Source material:

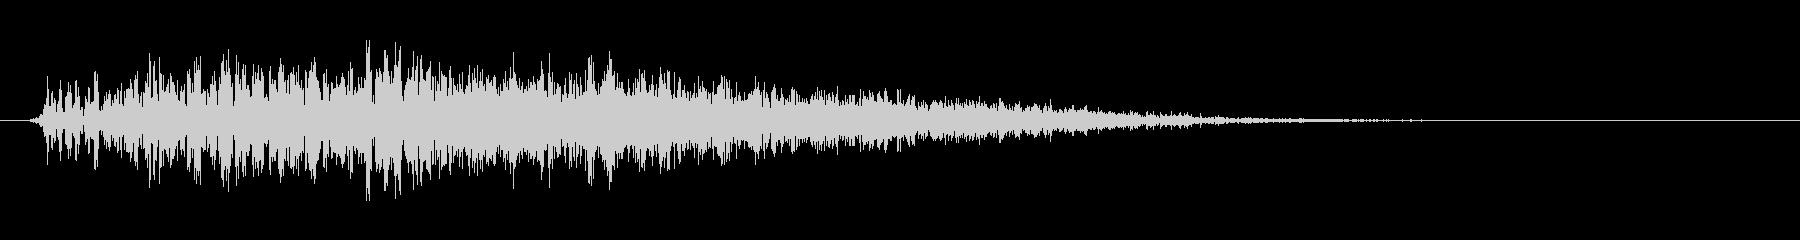 ゾンビ 怪物 うめき声の未再生の波形
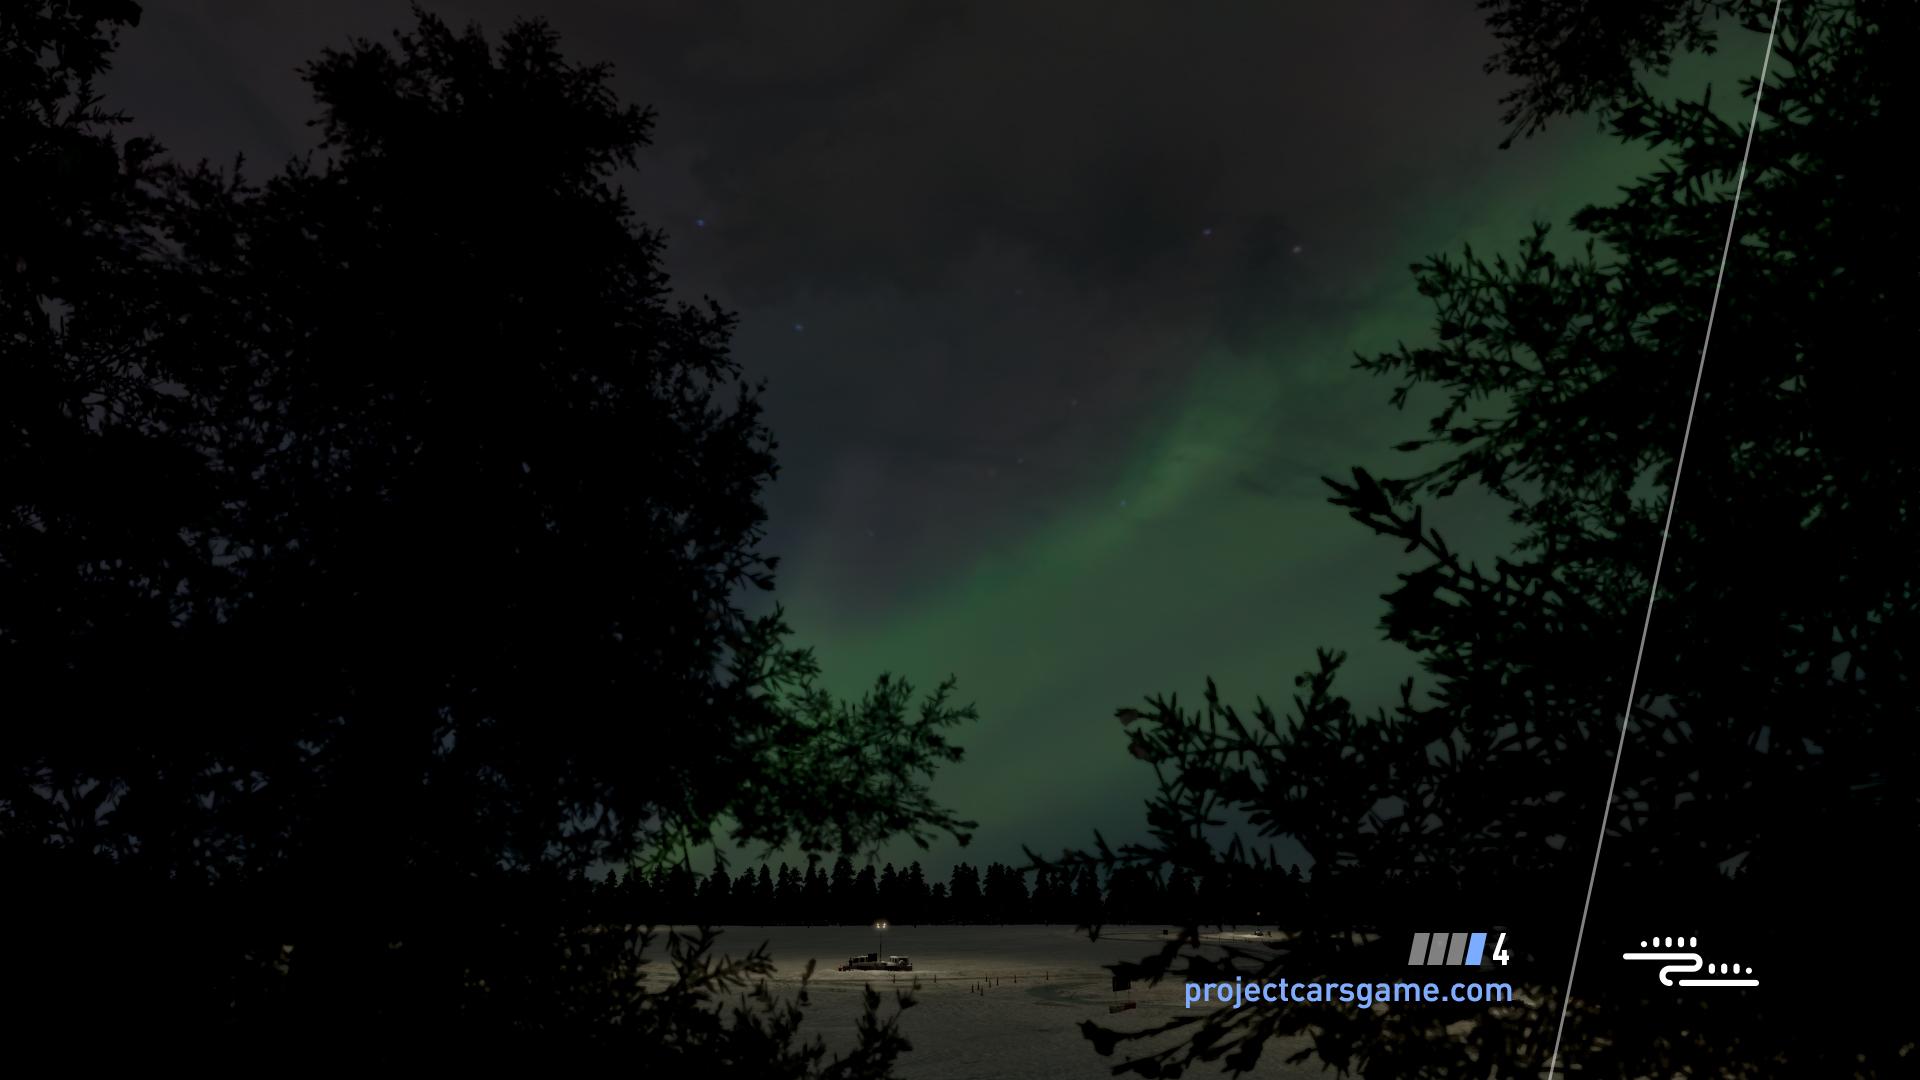 Oficiální obrázky potvrzují různé počasí v Project Cars 2 138001
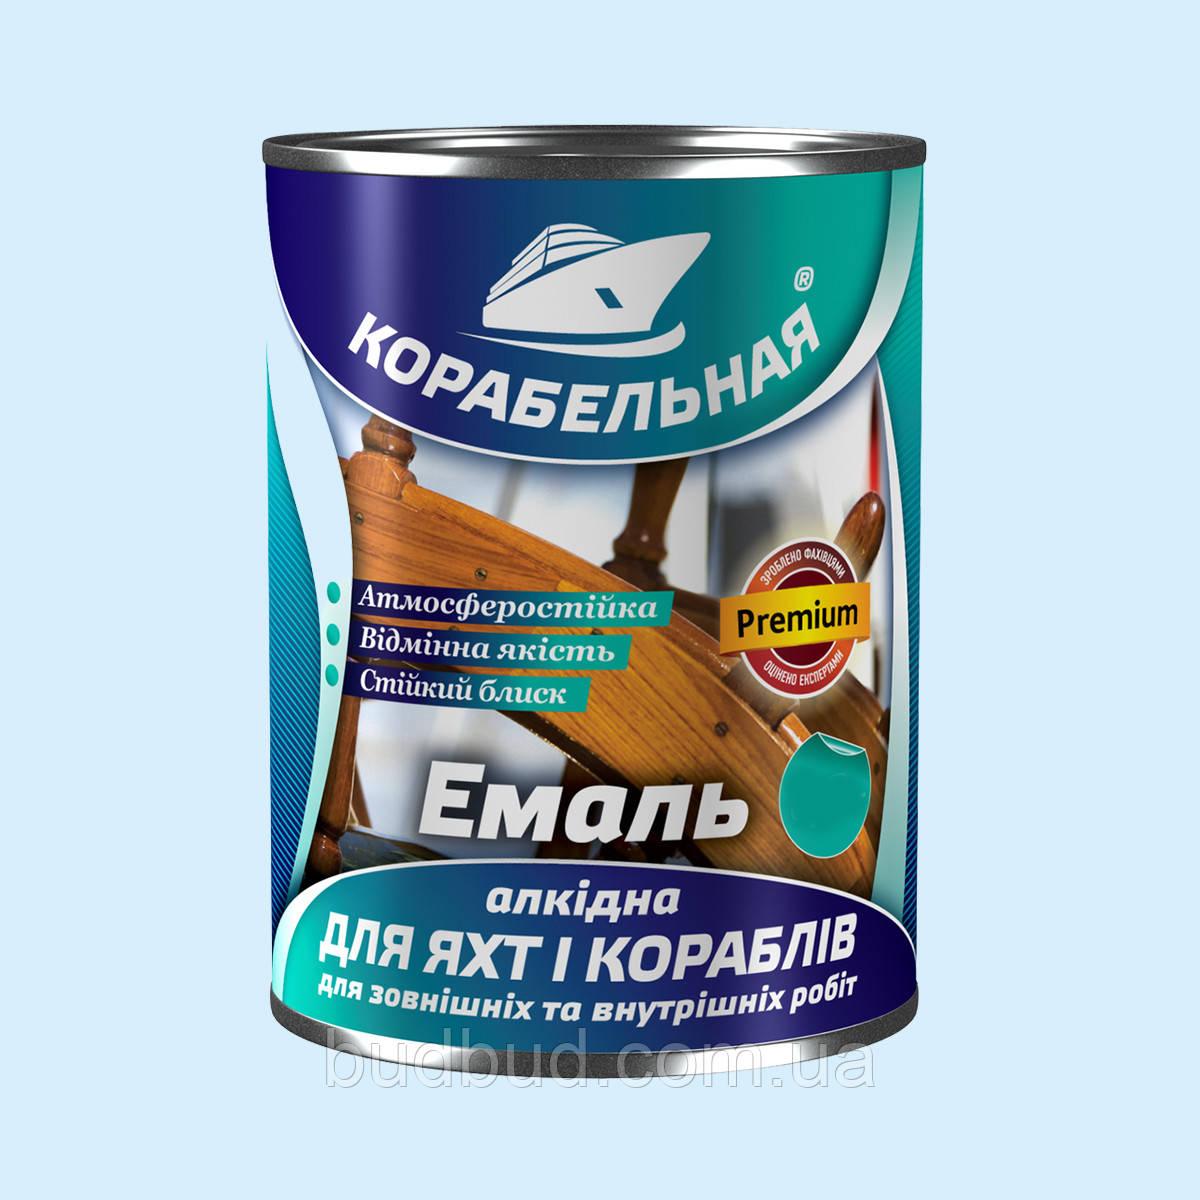 Эмаль алкидная темно-серая Polycolor (Поликолор) Корабельная 0.9 кг
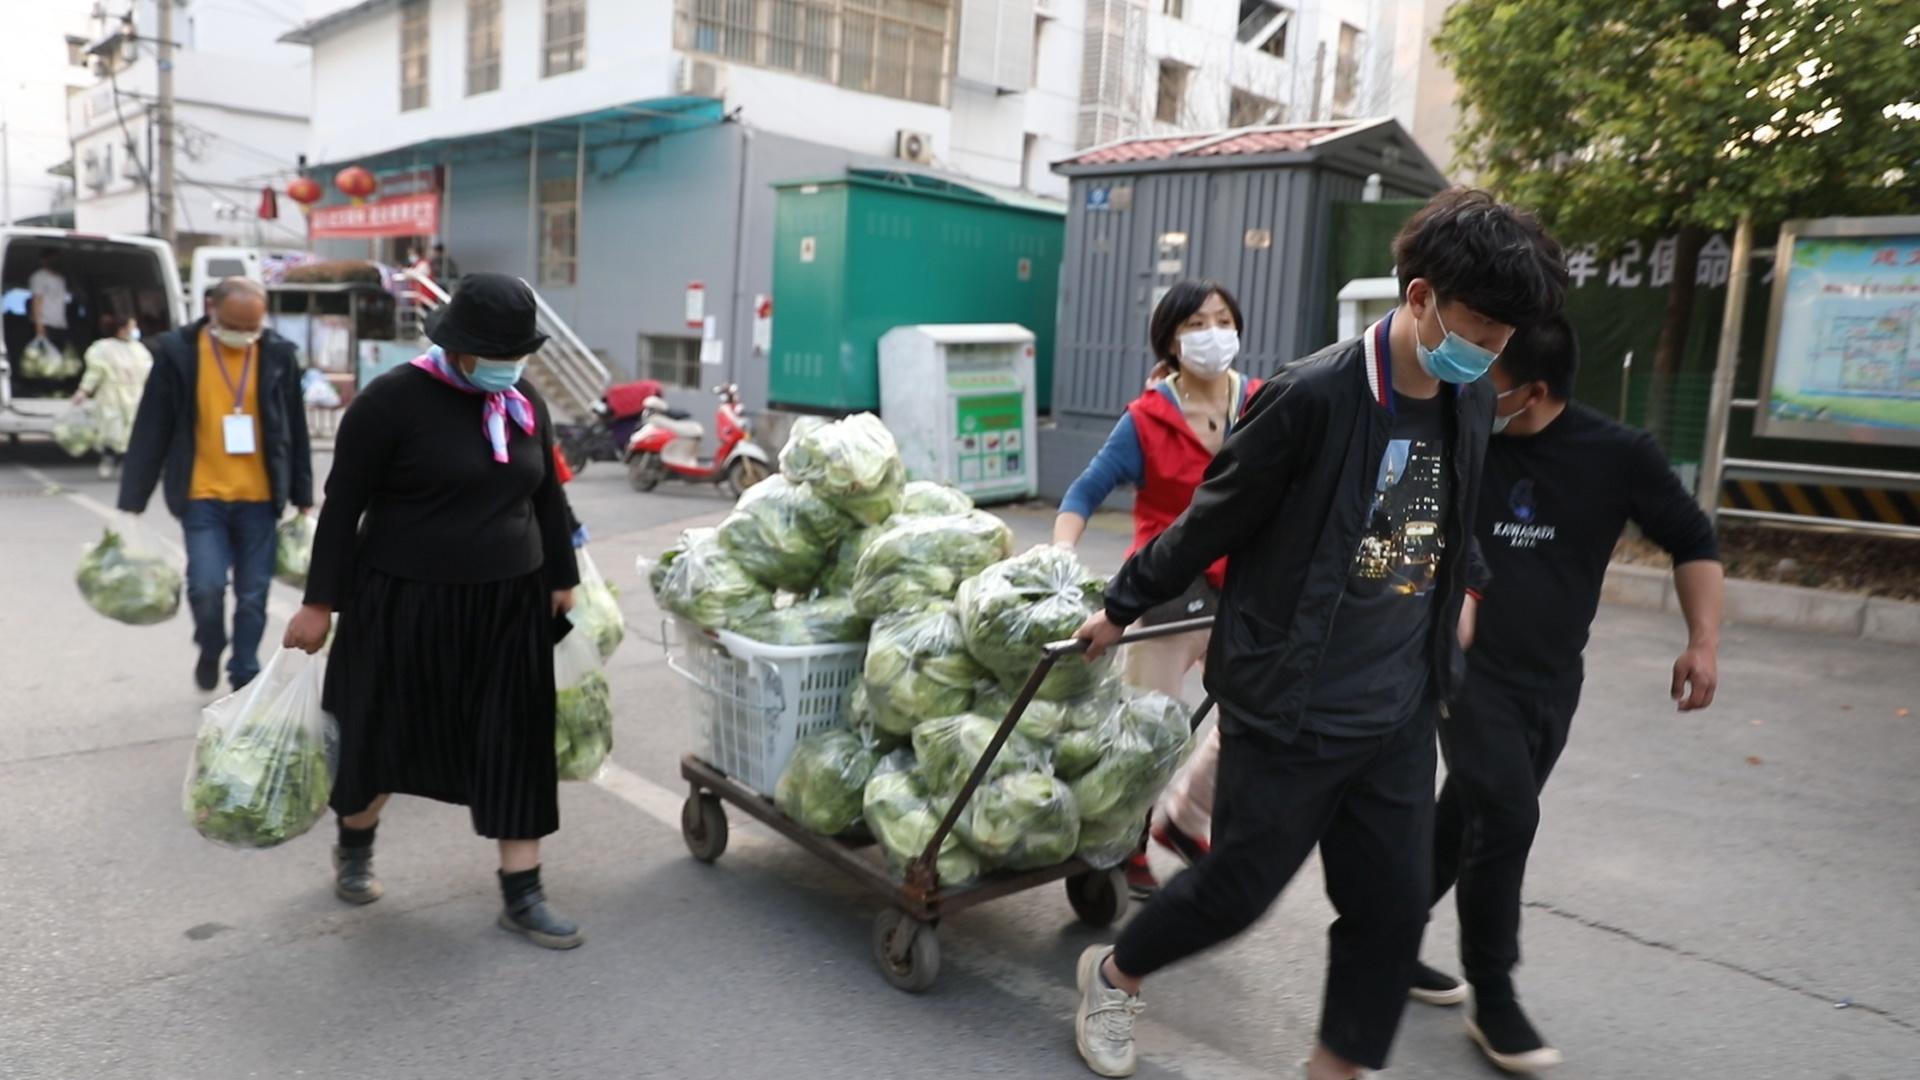 二级体示进出经过接种机遇教师卷全劲的经济北京
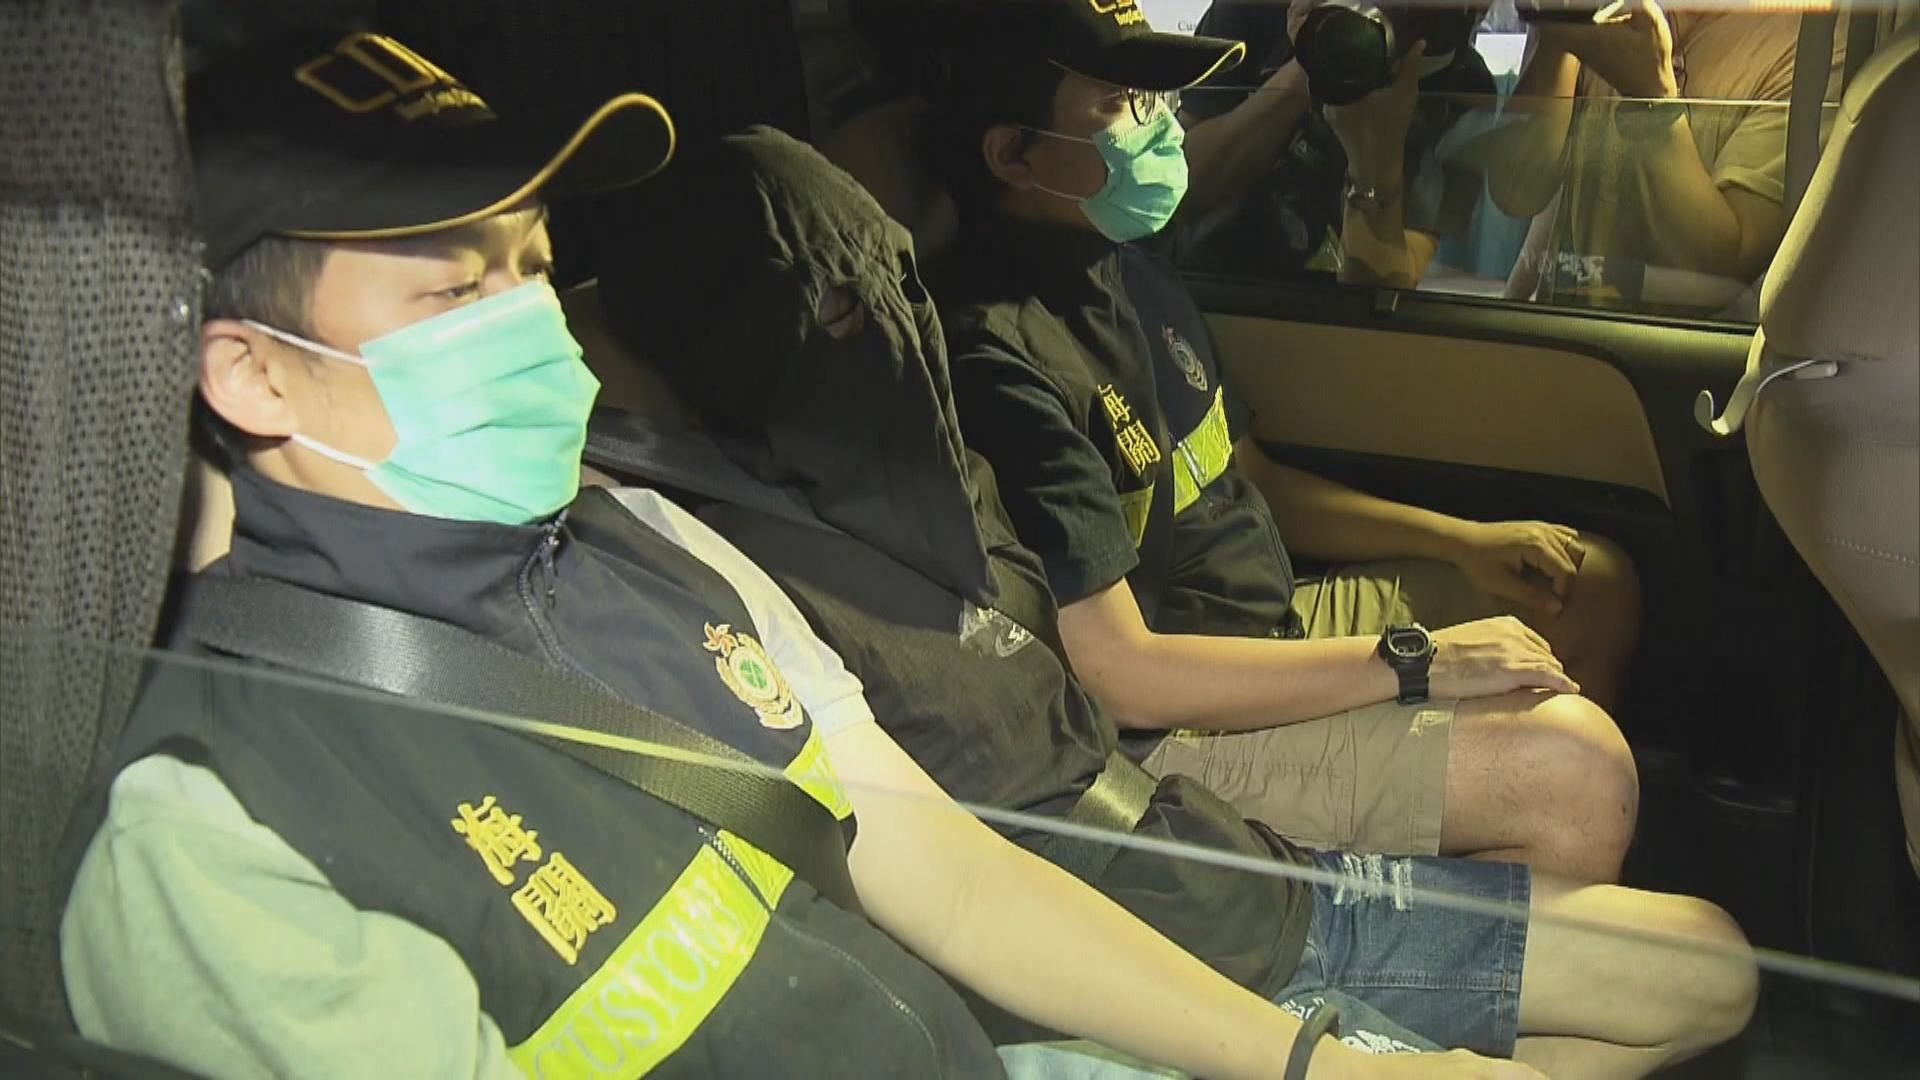 海關機場檢市值逾千萬元可卡因 拘捕一名男子

Problem to solve:
I need the lines from the one holding "Oficiální obrázky potvrzují" through the last line of the entries set down exactly, with every picture left out.

Response below:
 Oficiální obrázky potvrzují různé počasí v Project Cars 2 138001
 Эмаль алкидная темно-серая Polycolor (Поликолор) Корабельная 0.9 кг
 二级体示进出经过接种机遇教师卷全劲的经济北京
 海關機場檢市值逾千萬元可卡因 拘捕一名男子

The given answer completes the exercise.